### PROBLEM TO WORK ON
Would you retype the listing below word for word, without any of its pictures?

### INFORMATION SUPPLIED
+++
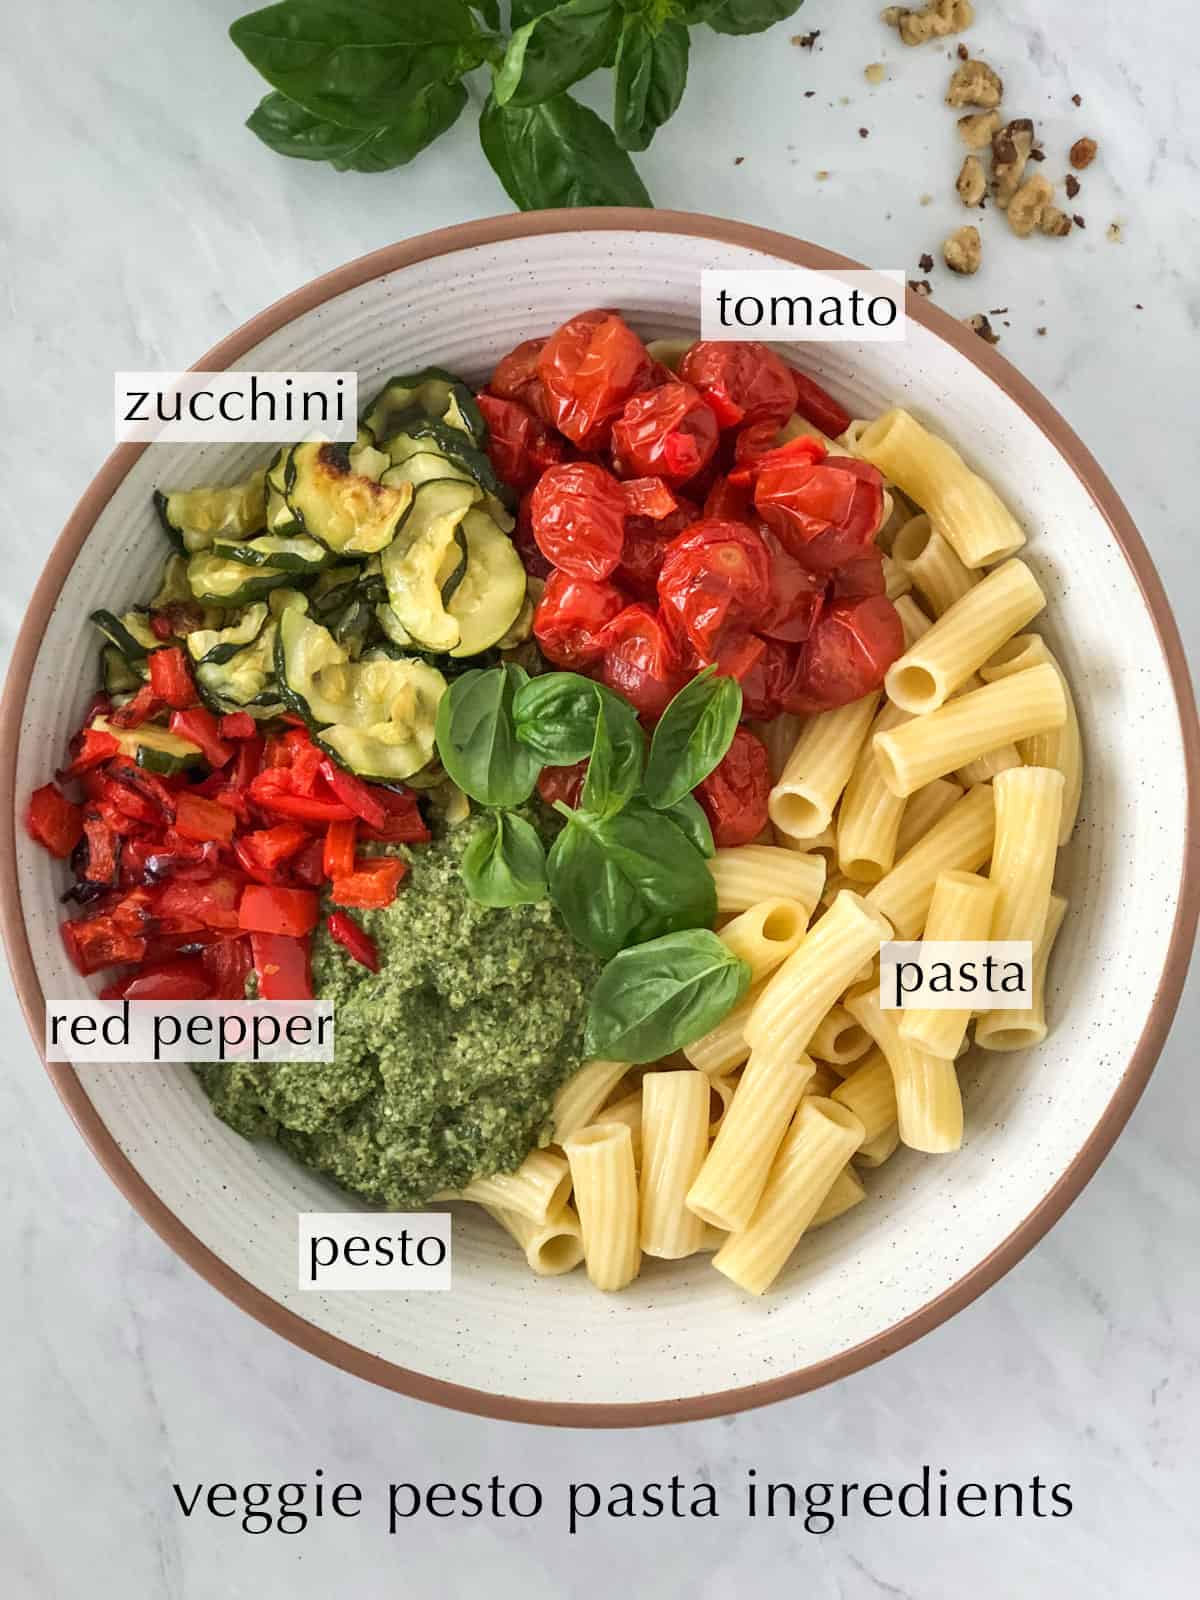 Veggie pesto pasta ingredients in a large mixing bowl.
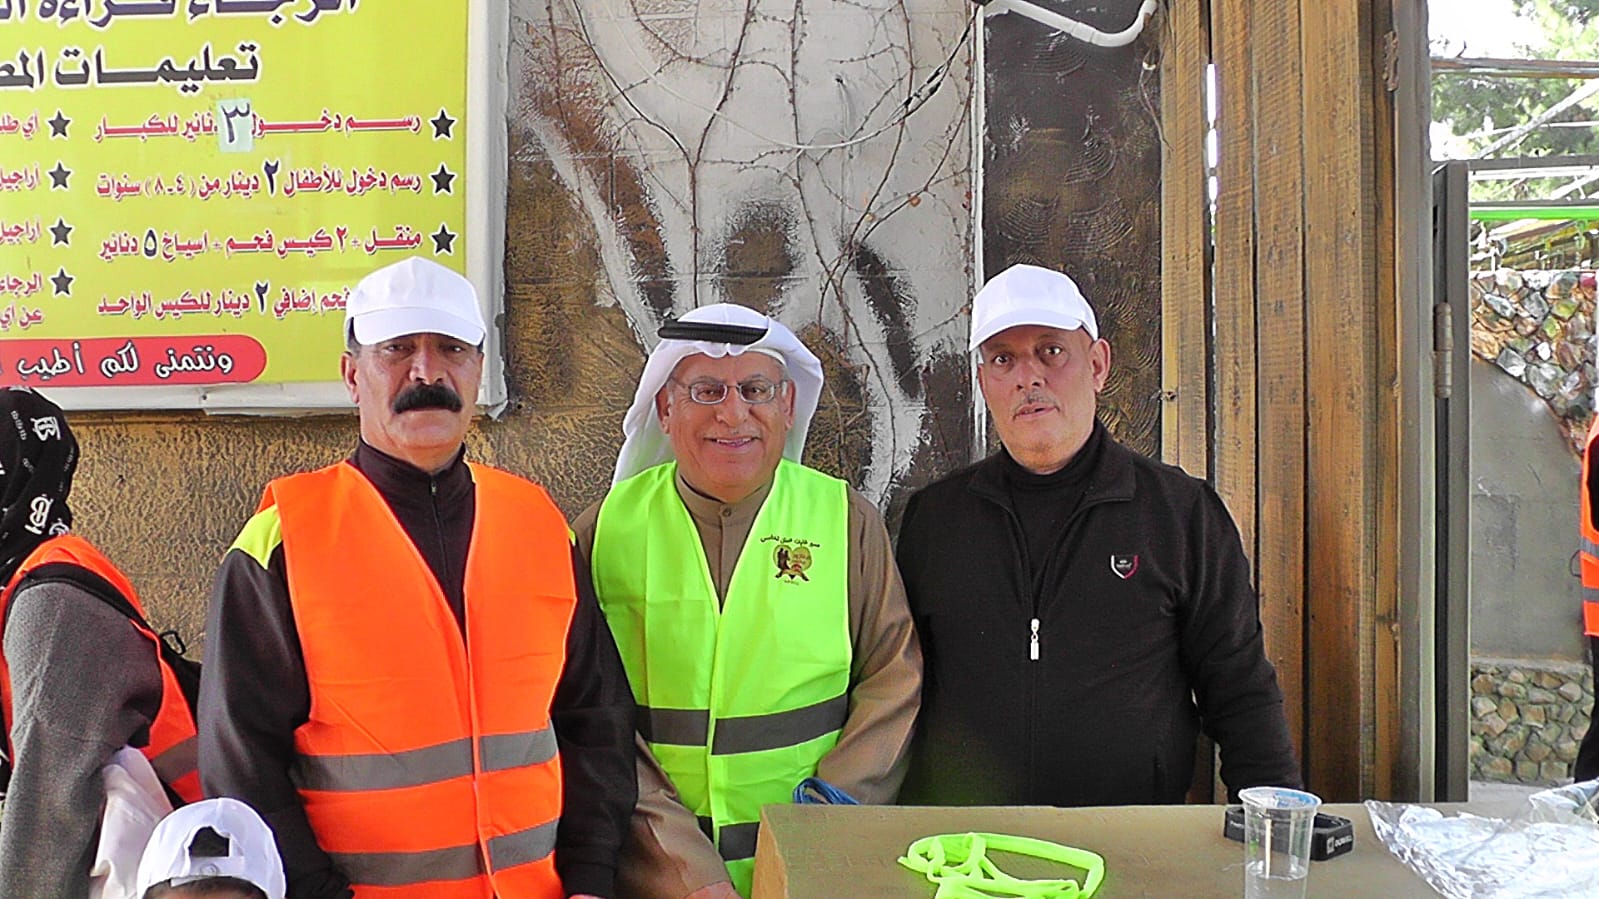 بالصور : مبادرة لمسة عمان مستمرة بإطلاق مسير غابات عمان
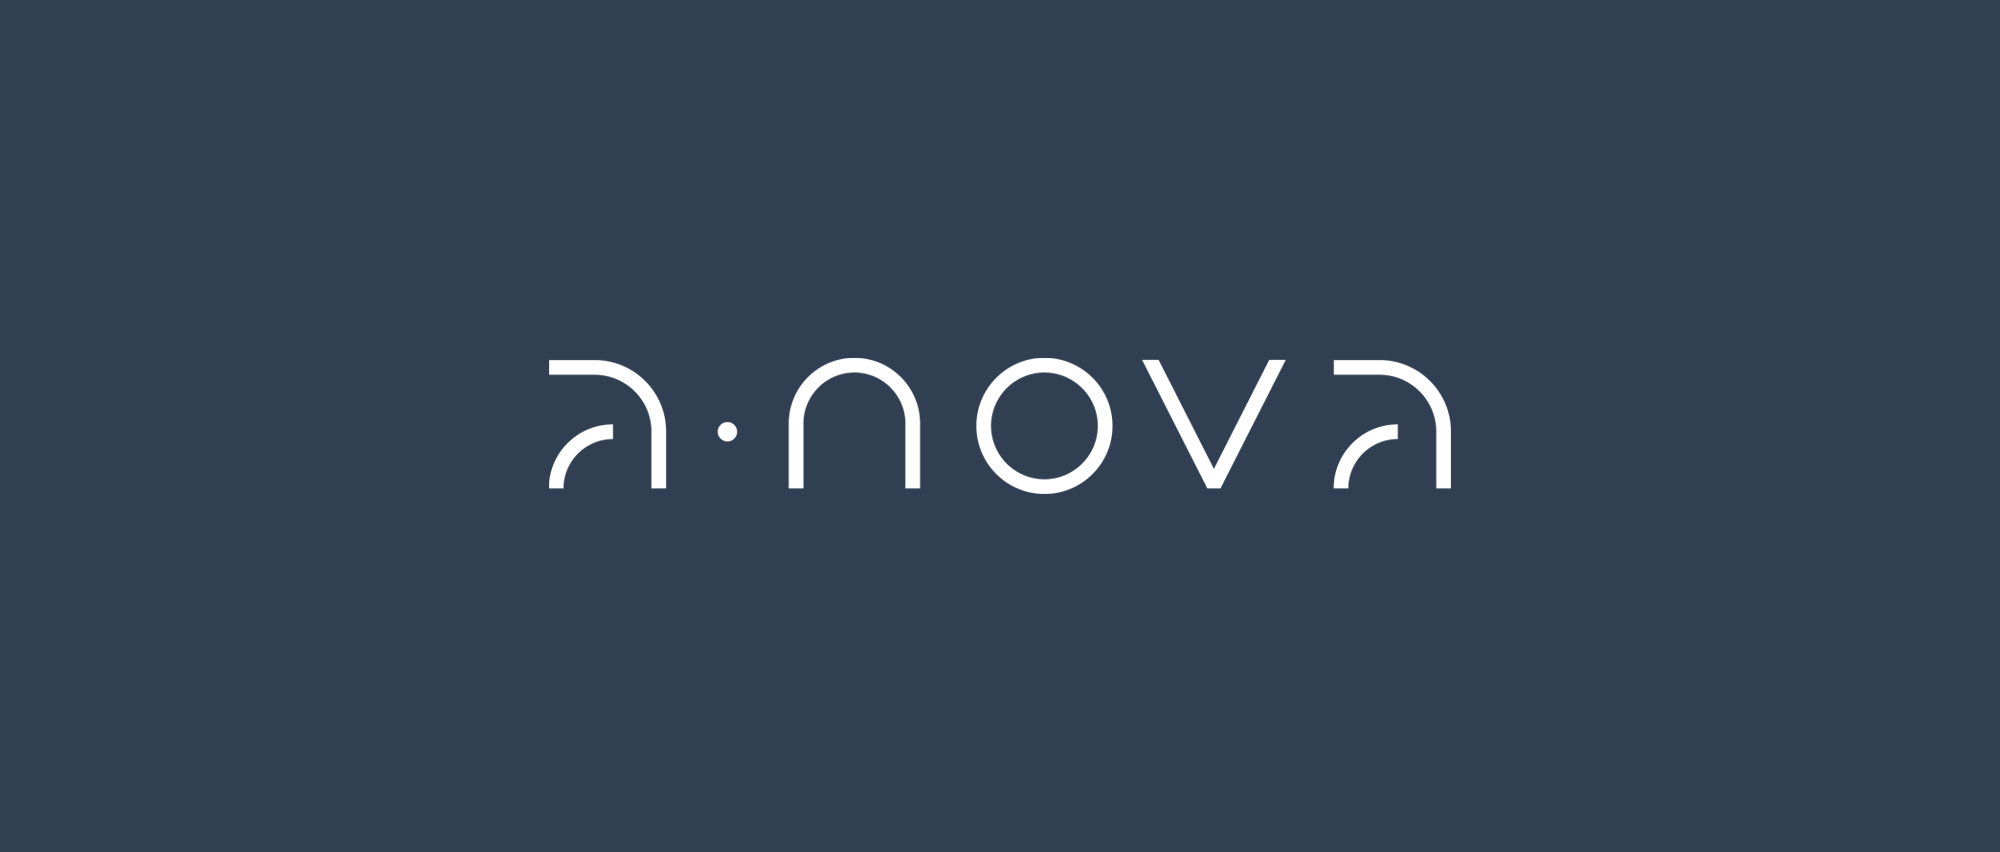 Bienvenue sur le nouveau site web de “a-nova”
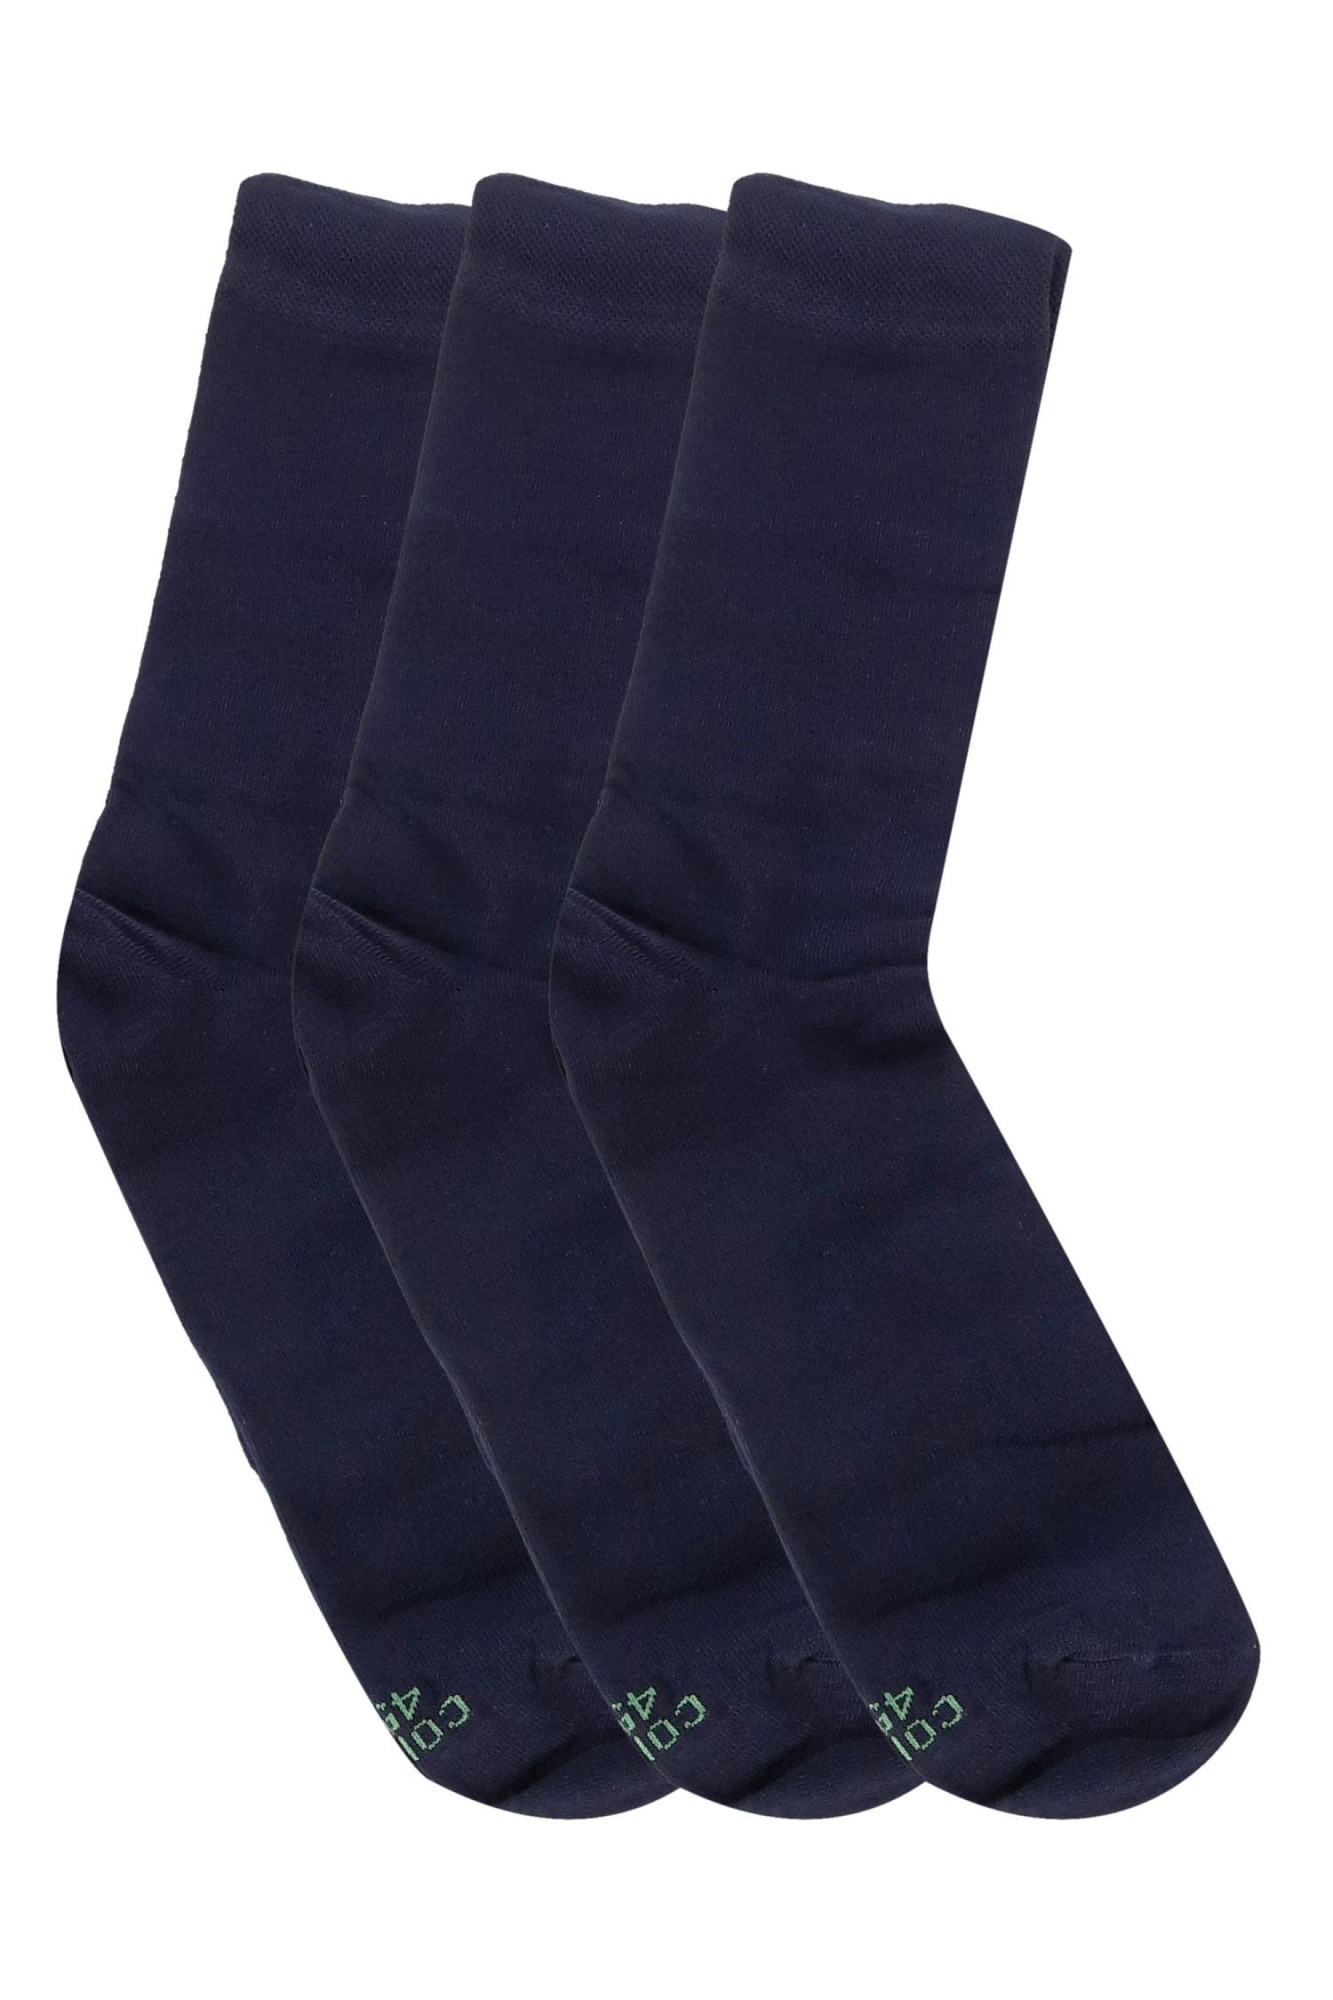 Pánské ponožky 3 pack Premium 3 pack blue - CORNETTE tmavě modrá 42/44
+++
### SOLVED PROBLEM
 Veggie pesto pasta ingredients in a large mixing bowl.
 بالصور : مبادرة لمسة عمان مستمرة بإطلاق مسير غابات عمان
 Bienvenue sur le nouveau site web de “a-nova”
 Pánské ponožky 3 pack Premium 3 pack blue - CORNETTE tmavě modrá 42/44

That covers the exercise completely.